Substituting for $y$ into the constraint, we find:

$$x+2(2x)-20=0\implies x=4\implies y=8$$

Thus, we obtain the critical point:

$$(x,y)=(4,8)$$

The objective function's value at this point is:

$$f(4,8)=4^2+8^2=80$$

To ensure this is a minimum, let's evaluate the objective function at another point on the constraint, such as $$(x,y)=(2,9)$$:

$$f(2,9)=2^2+9^2=85$$

And so we may now conclude:

$$f_{\min}=f(4,8)=80$$

2.) We are given the objective function:

$$f(x,y)=\sqrt{99-x^2-y^2}$$

subject to the constraint:

$$g(x,y)=x+y-10=0$$

Now here we see that $x$ and $y$ have cyclic symmetry, that is, we may switch the two variables and still have the same objective function and constraint.

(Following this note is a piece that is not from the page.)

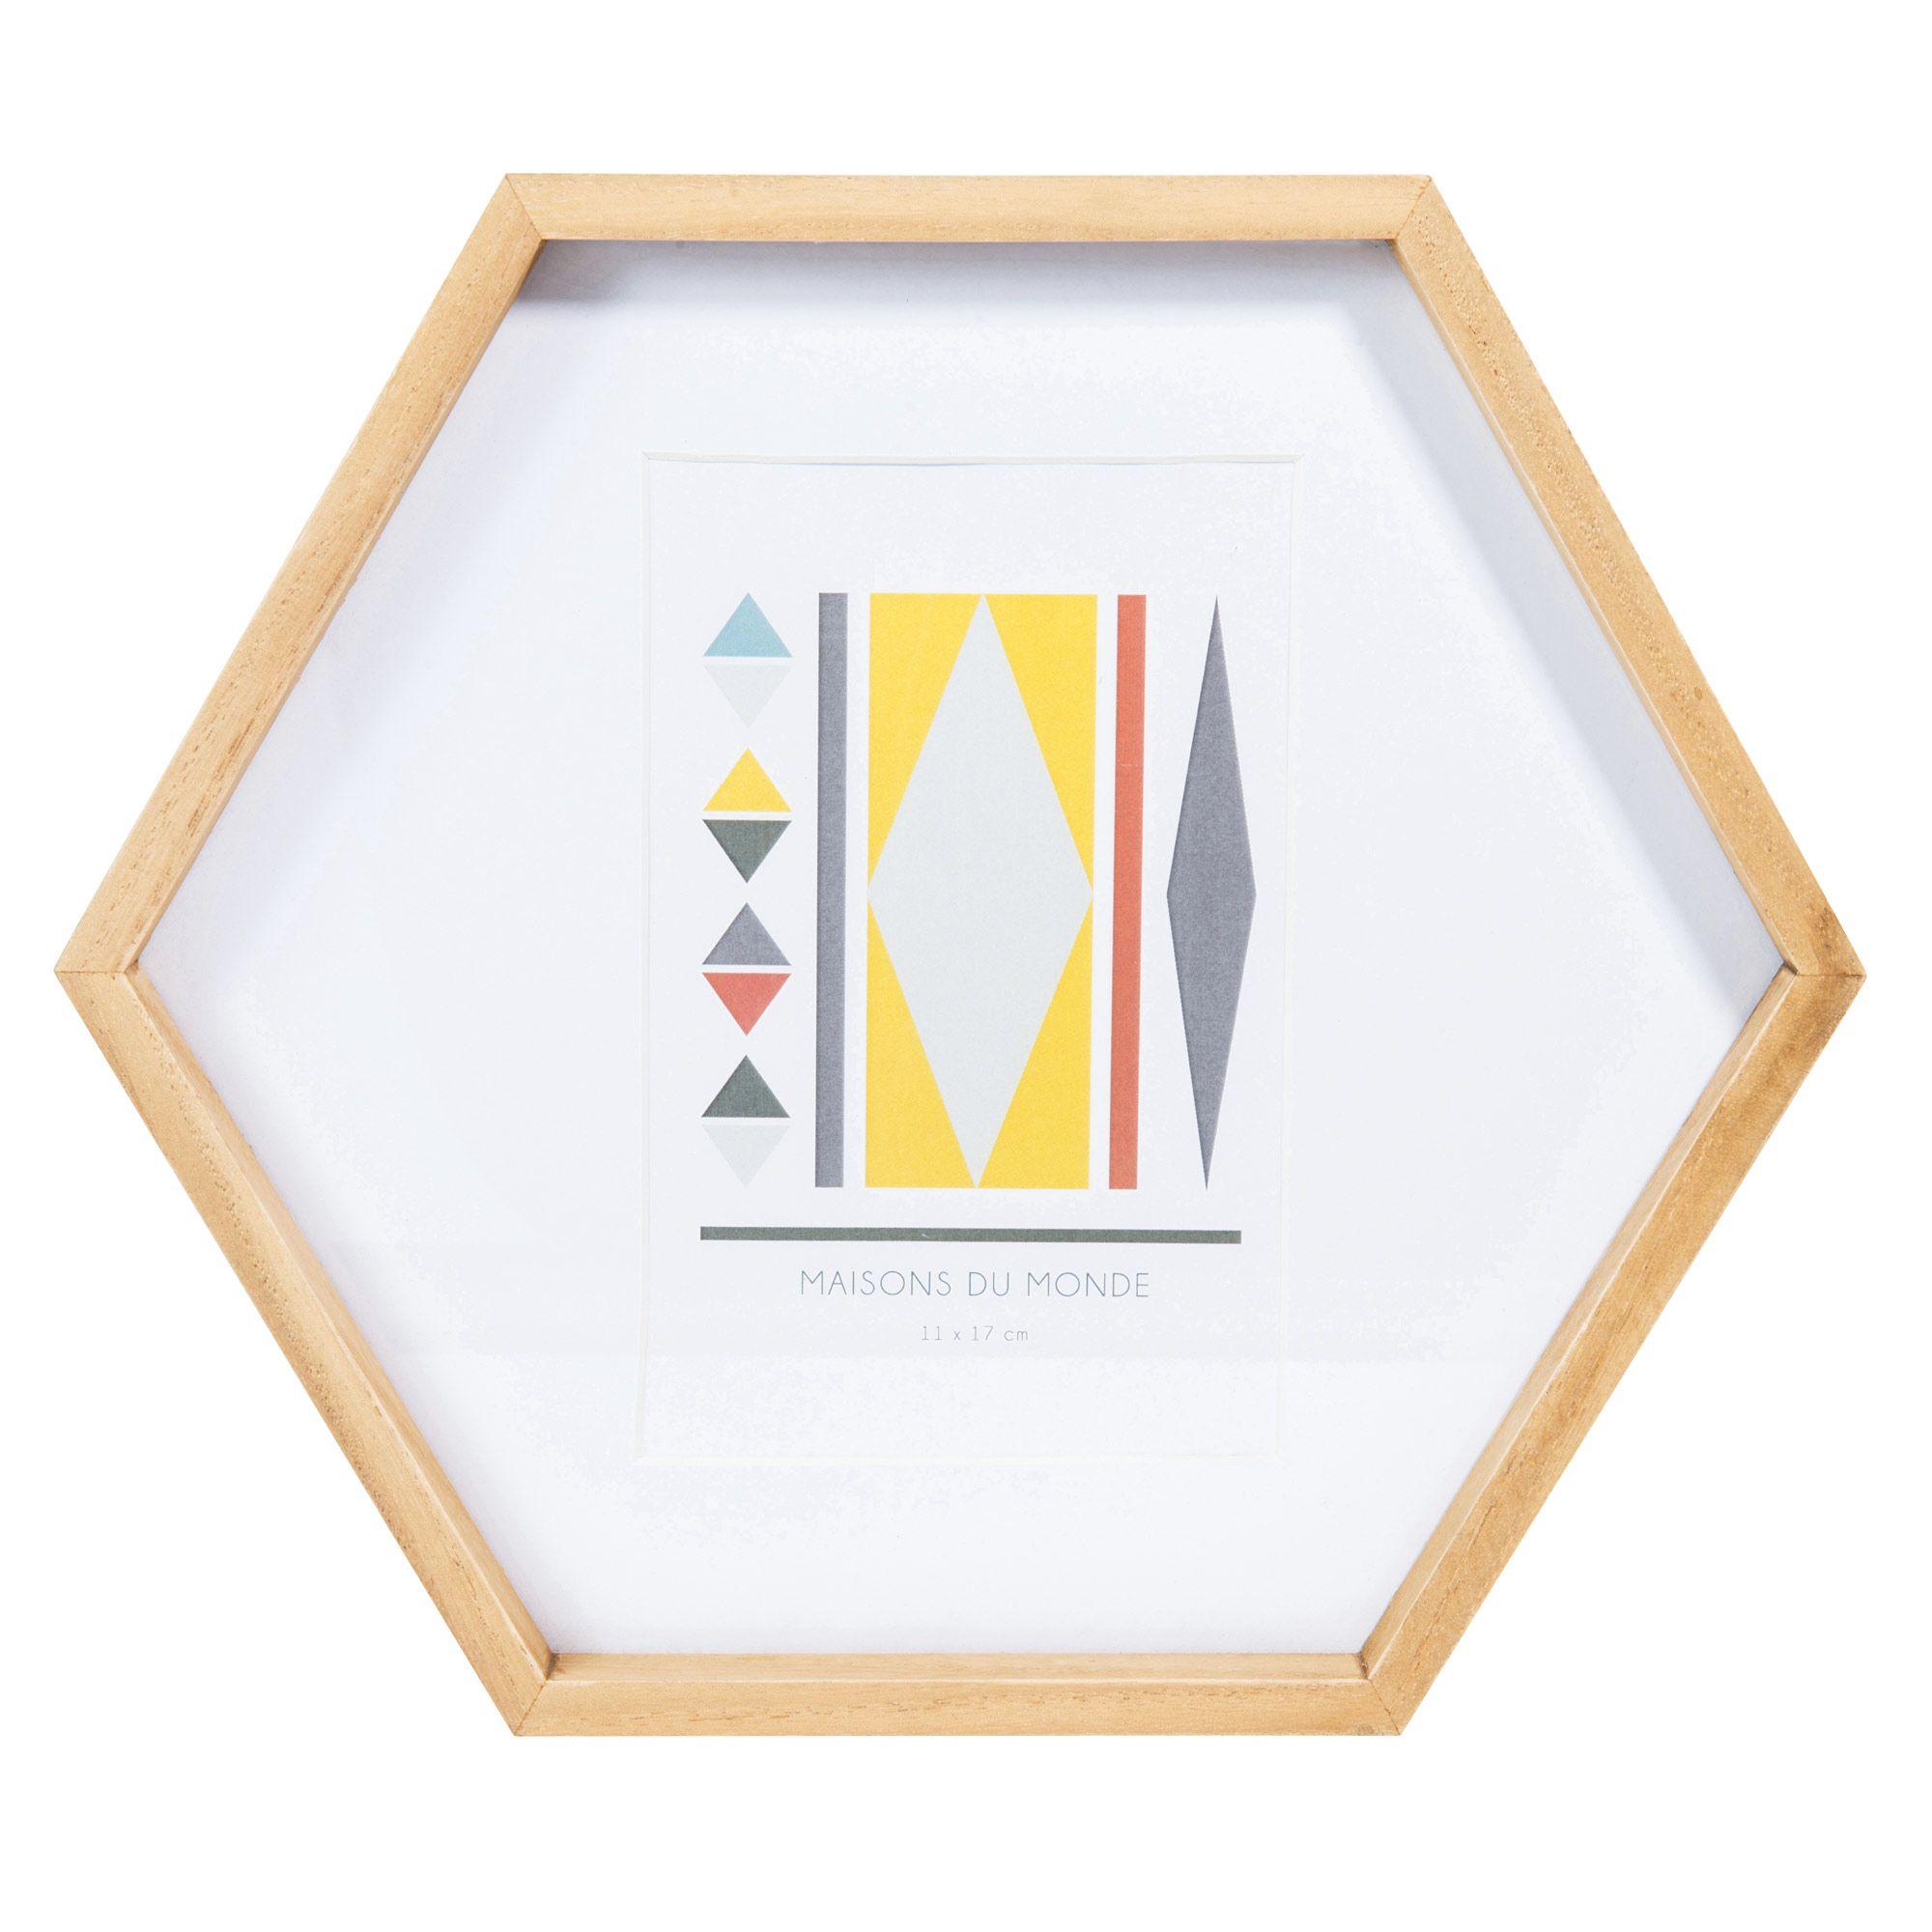 Cornice foto esagonale in legno 26 x 30 cm VINTAGE

Thus we know the critical value may be obtained when $x=y$. The constraint then gives us:

$$x=y=5$$

And so our critical point is:

$$(x,y)=(5,5)$$

The objective function's value at this point is:

$$f(5,5)=\sqrt{99-5^2-5^2}=7$$

To ensure this is a maximum, let's evaluate the objective function at another point on the constraint, such as $$(x,y)=(4,6)$$:

$$f(5,5)=\sqrt{99-4^2-6^2}=\sqrt{47}<7$$

And so we may conclude:

$$f_{\max}=f(5,5)=7$$